One difficulty here is distinguishing arguments of expediency and principle. For example, is the reduction in public sector pension entitlements simply an unfortunate necessity to balance the books, or is it also objectionable that workers funded by tax payers should enjoy retirement benefits not available to most of those tax payers? Are cuts in benefits justified merely by austerity or also by the need to tackle dependency? Does pulling the state out of the provision of services like libraries represent a sad loss or a great opportunity for community self–help? The lazy answer in each case is ‘both’, but as I have argued before, different arguments for the same course of action must be independently valid or else the whole case gets damaged.   

It is easy to avoid all hard questions if one simply reverts to attacking the privileges of the rich and implying that if only we taxed them more we could pay for everything. But even as someone who personally supports the fifty pence tax rate and abhors the way some bankers and business leaders have exploited their position to create obscene wealth, I don’t think it is realistic or honest to argue that squeezing the rich will, any time soon, enable us to return to a path of rising entitlements.

I have no easy answers or startling new perspectives (which is a bit of a problem given that I am discussing these issues on Moral Maze in a couple of hours), but two half formed lines of thought have occurred to me.

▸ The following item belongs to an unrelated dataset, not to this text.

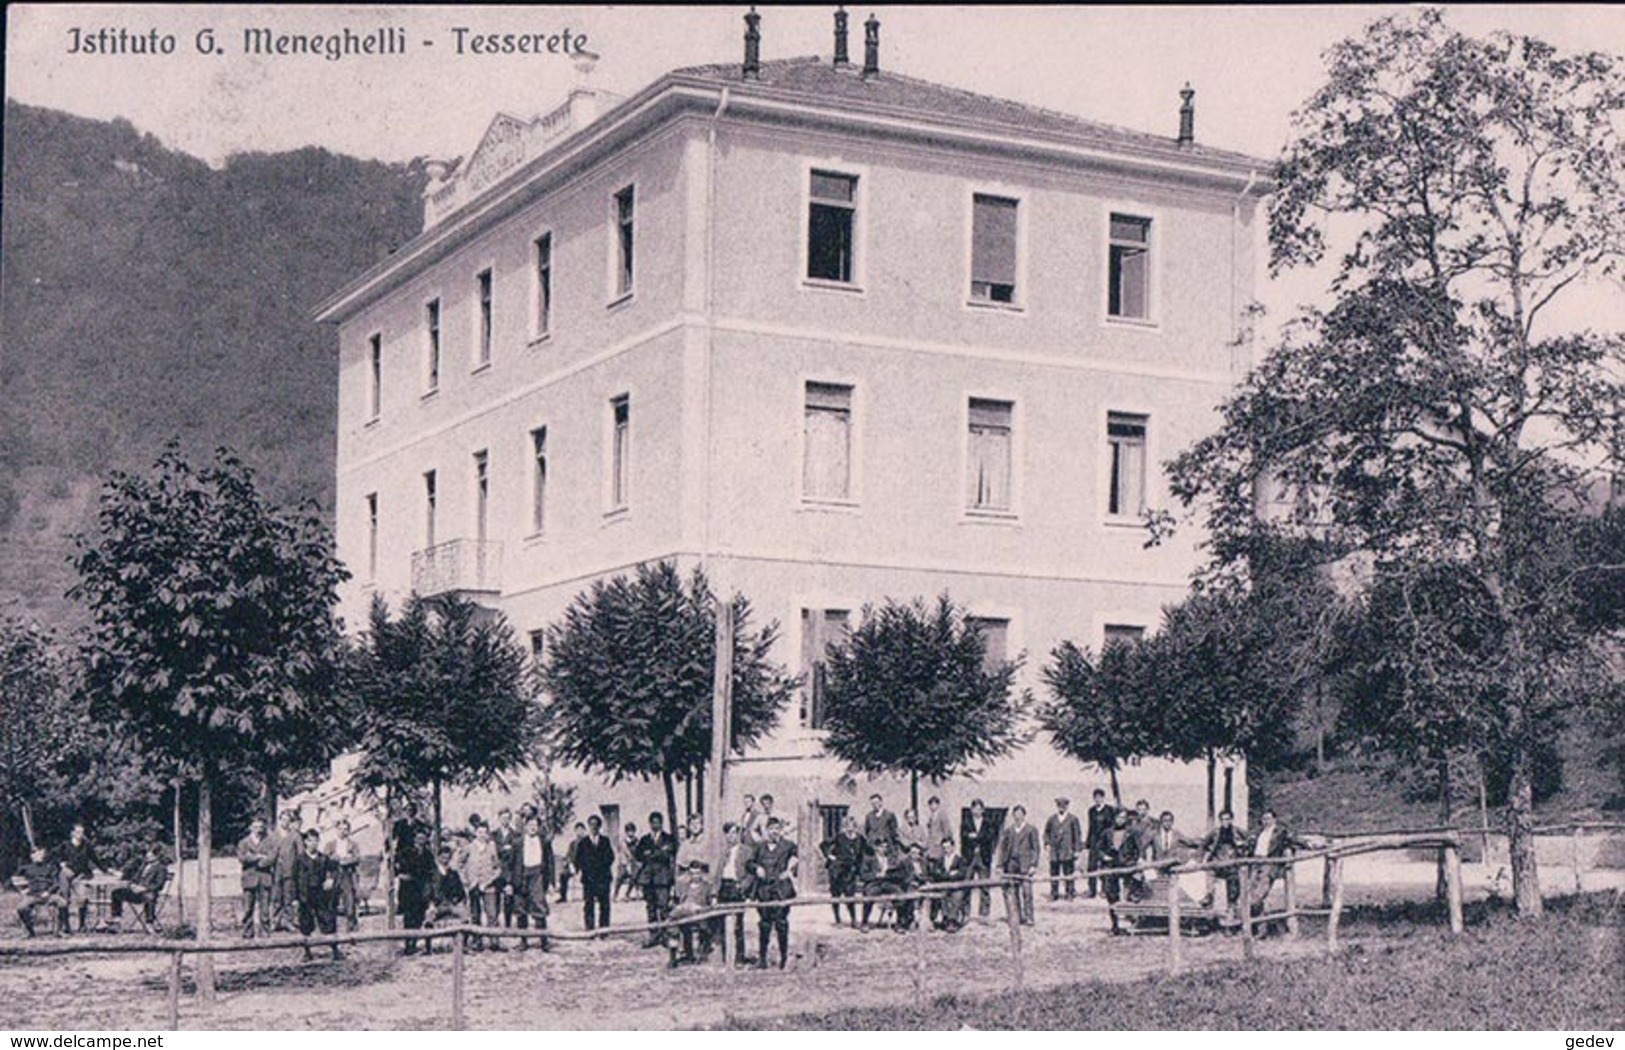 Tesserete TI, Istituto G. Meneghelli (17.5.1914) - Tesserete 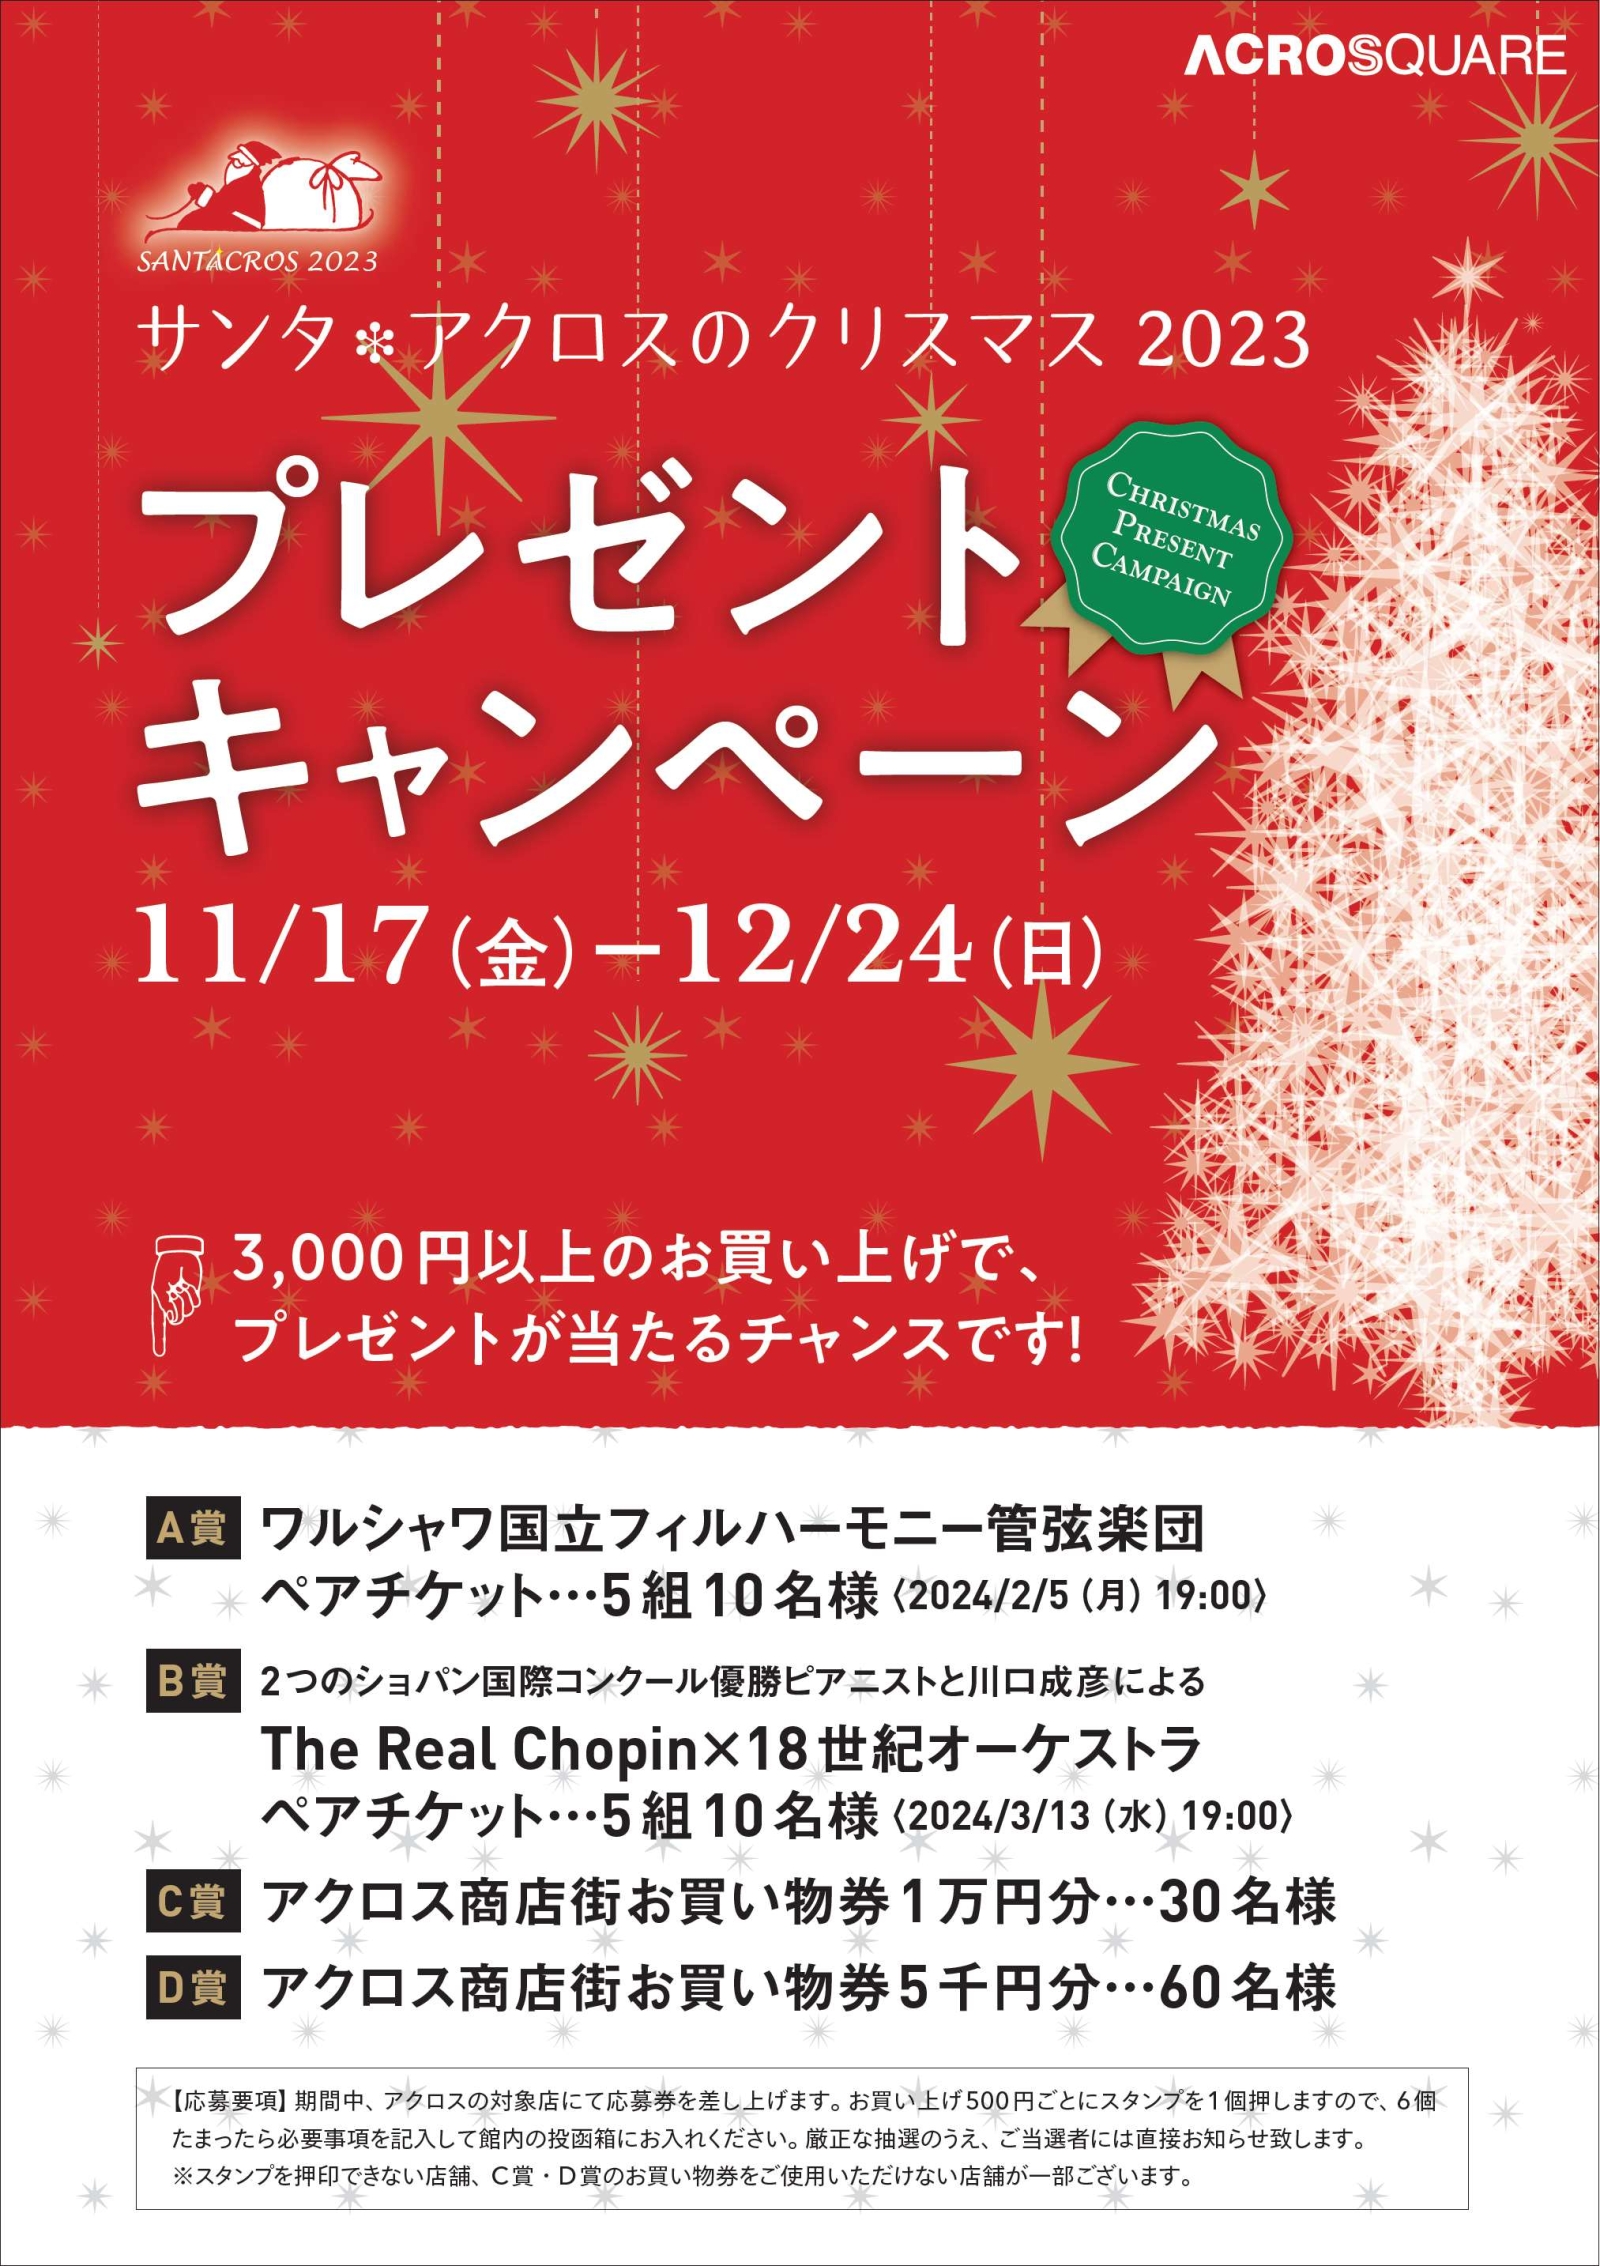 アクロス商店街『サンタ*アクロスのクリスマス2023 プレゼントキャンペーン』スタート!(11/17～12/24)

The first might be called ‘the entitlement paradox’. Rising entitlements are a sign of social progress but their maintenance and growth depends on us not treating them merely as entitlements. In other words the sustainability and social value of welfare benefits depends on the existence of a strong work ethic and the sustainability and social value of public services depends on them being seen as collaborations which involve responsibilities for citizens and communities as well as the state. 

The second is the need for public debate to acknowledge the contested framing of notions of fairness. Take today’s strike: many critics on the right argue that it is both unfair and corrosive to national solidarity that many public sector workers get a better deal than most private sector workers. Fine; but once the issue of fairness is opened such critics have to answer the question: isn’t it equally unfair and socially corrosive for useless bankers to get paid a hundred times more than hard working care assistants? To which an economic liberal may reply that we should distinguish between things that happen because the state interferes (public sector pensions) and things which are the result of free choices in a free market (income differentials).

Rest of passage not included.